◆ PROMPT: Transcribe the full listing below, word for word, without pictures.
---------- RAW DATA ----------
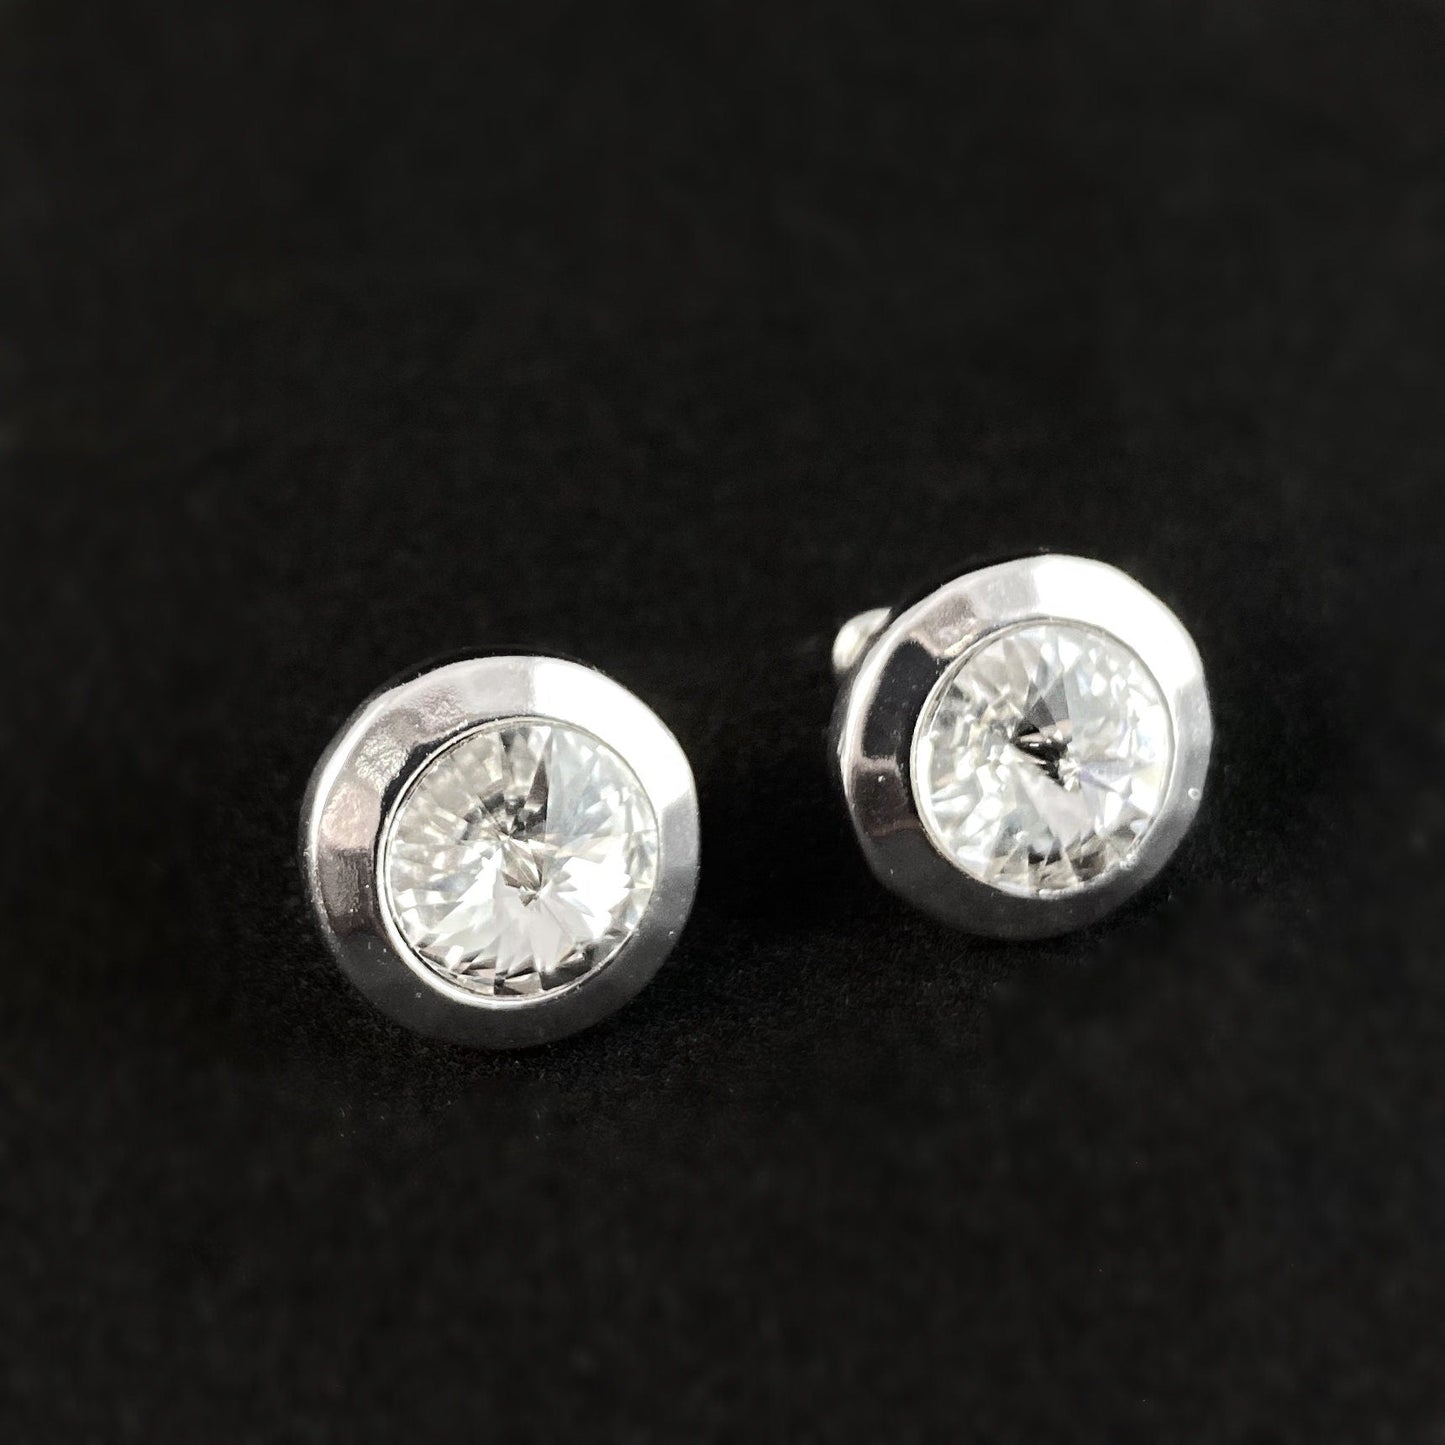 Round Silver Stud Earrings with Crystal, Handmade Nickel Free
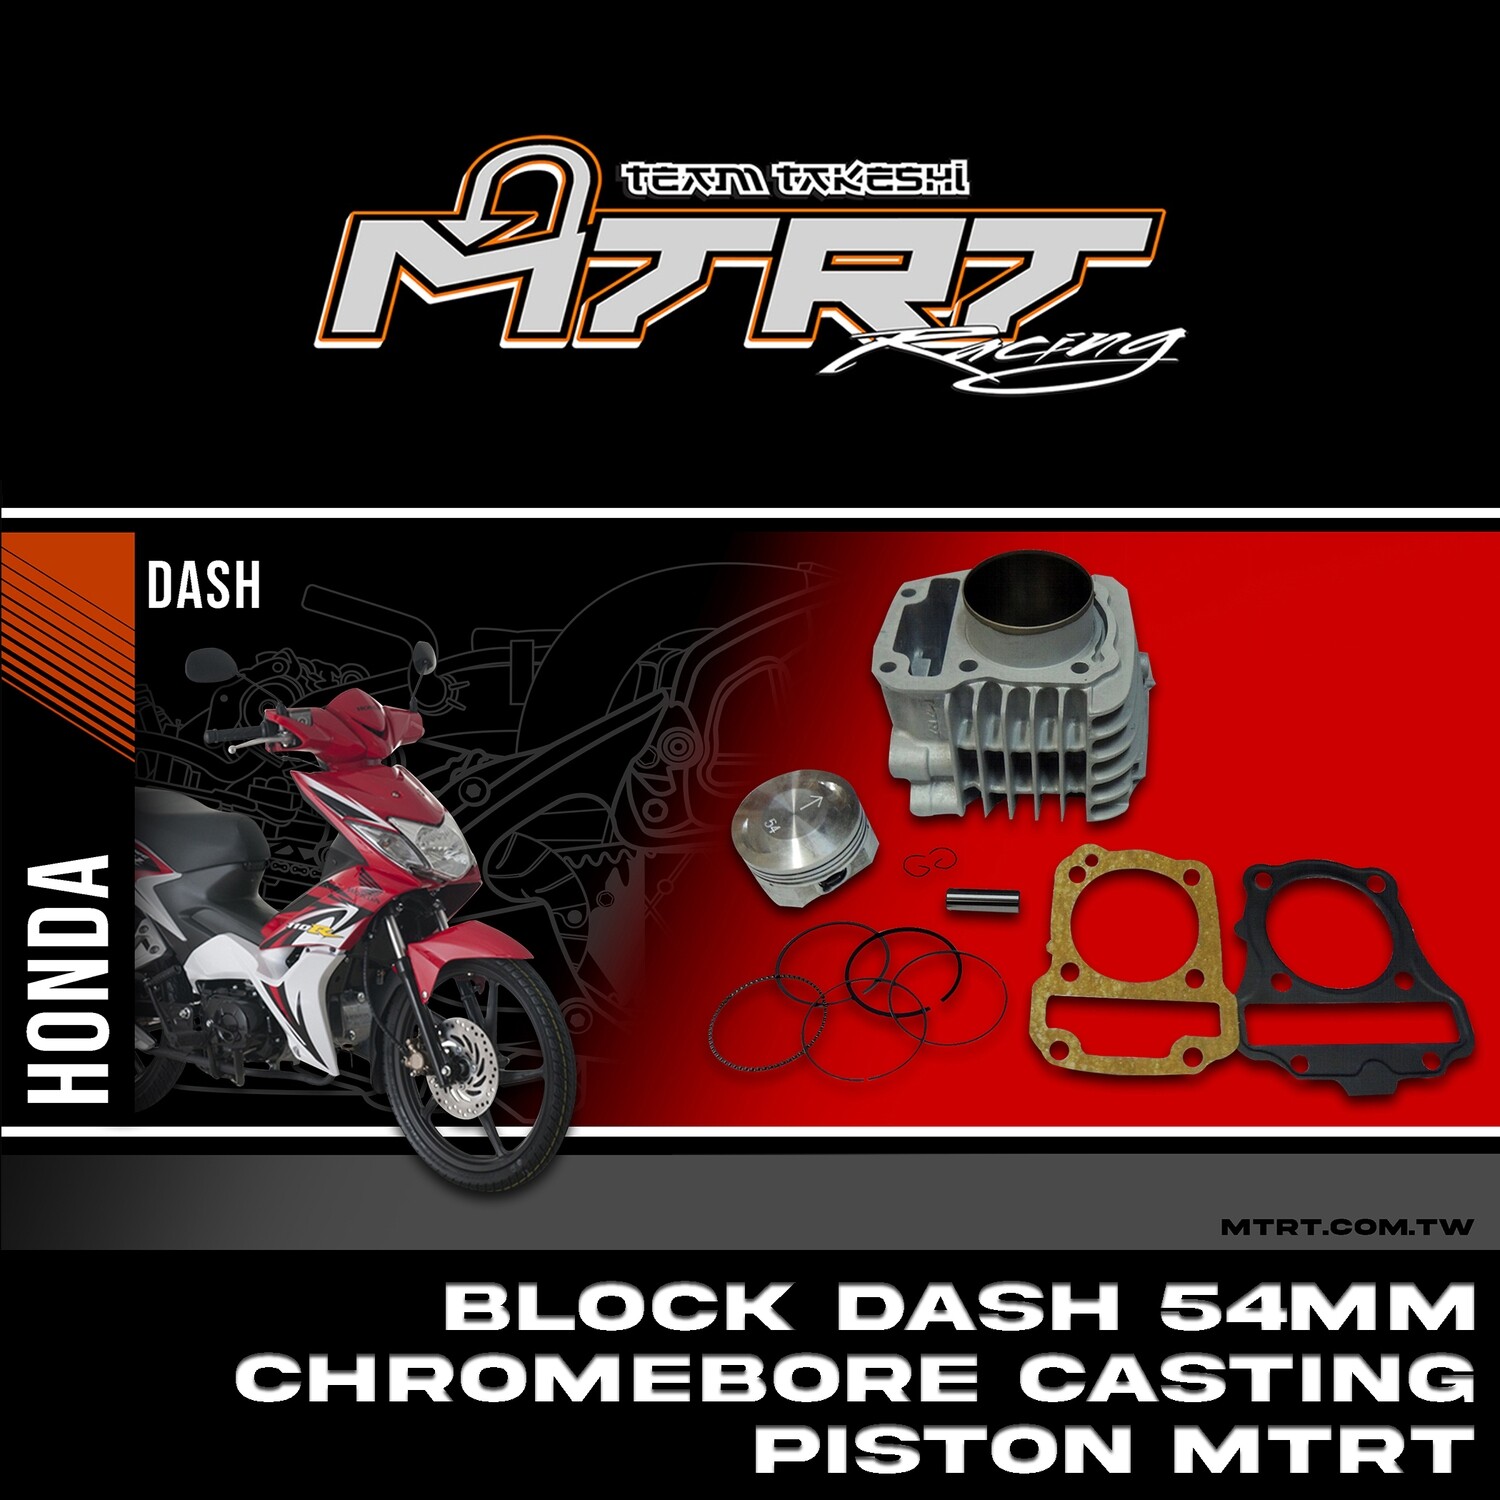 BLOCK DASH 54MM Chromebore Casting piston MTRT
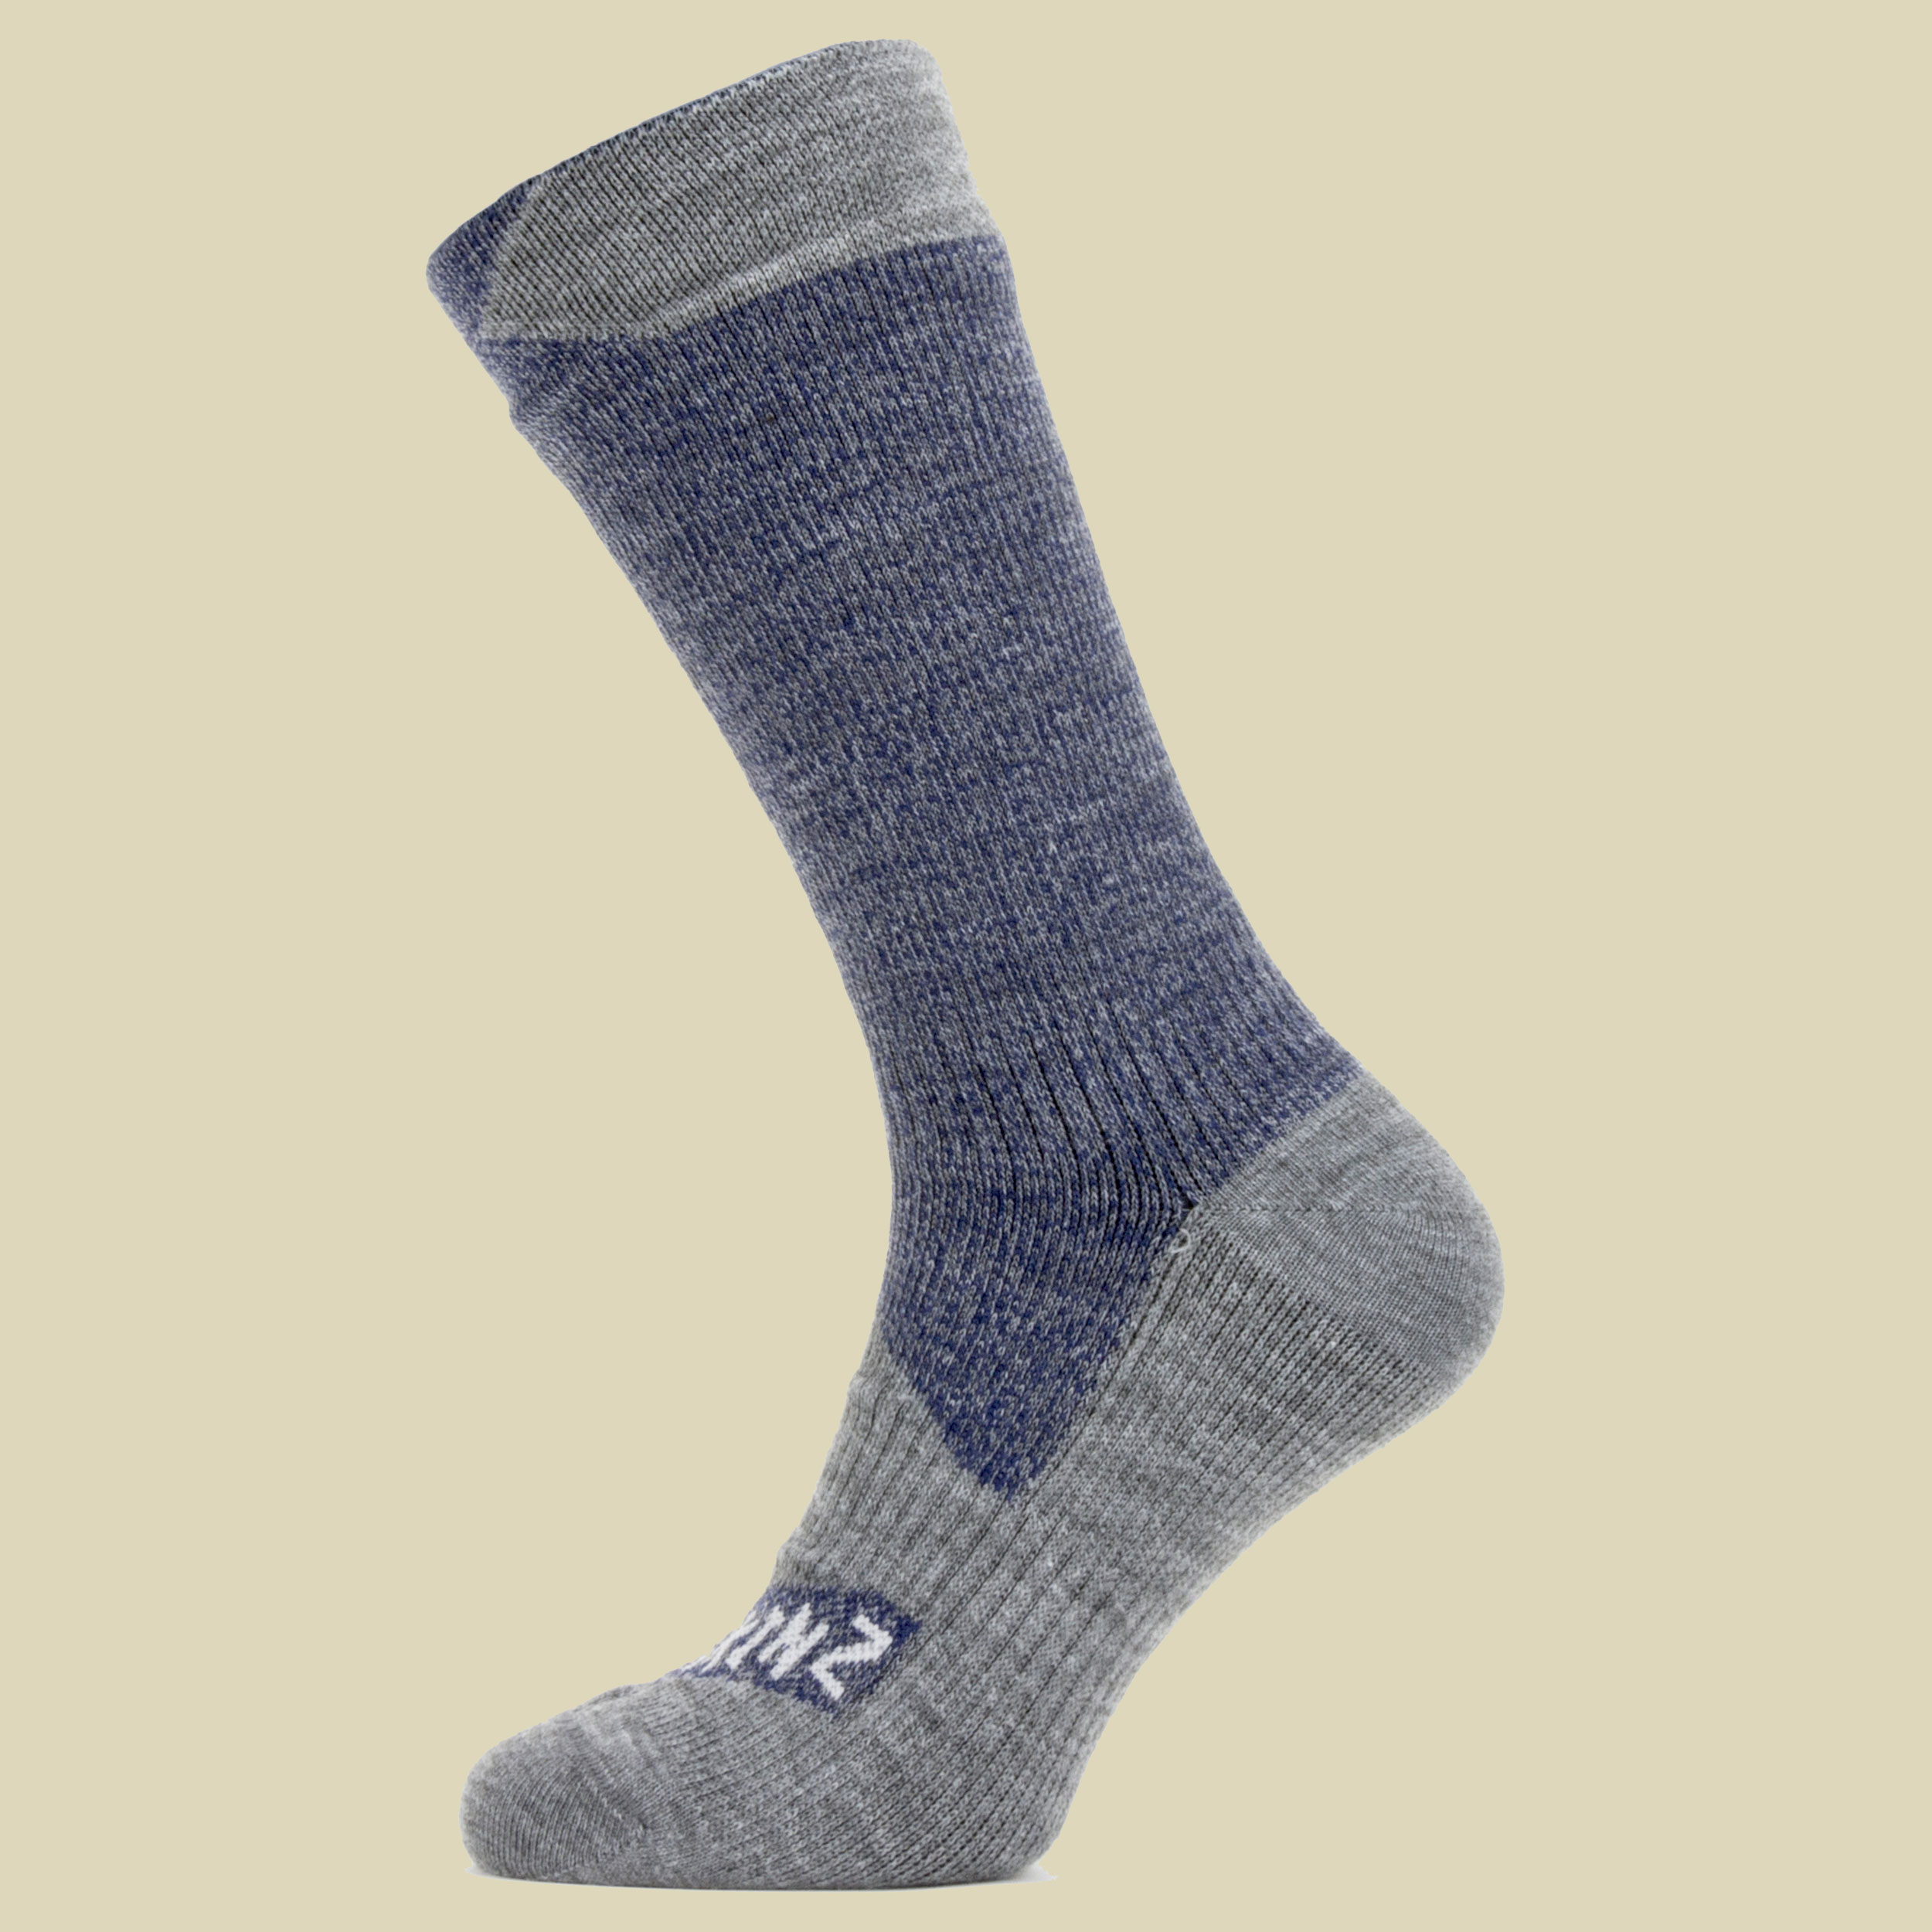 Waterproof All Weather Mid Length Sock Größe S (36-38) Farbe navy blue/grey marl
----------
◆ THE COMPLETED TASK:
 Round Silver Stud Earrings with Crystal, Handmade Nickel Free
 BLOCK DASH 54MM Chromebore Casting piston MTRT
 Waterproof All Weather Mid Length Sock Größe S (36-38) Farbe navy blue/grey marl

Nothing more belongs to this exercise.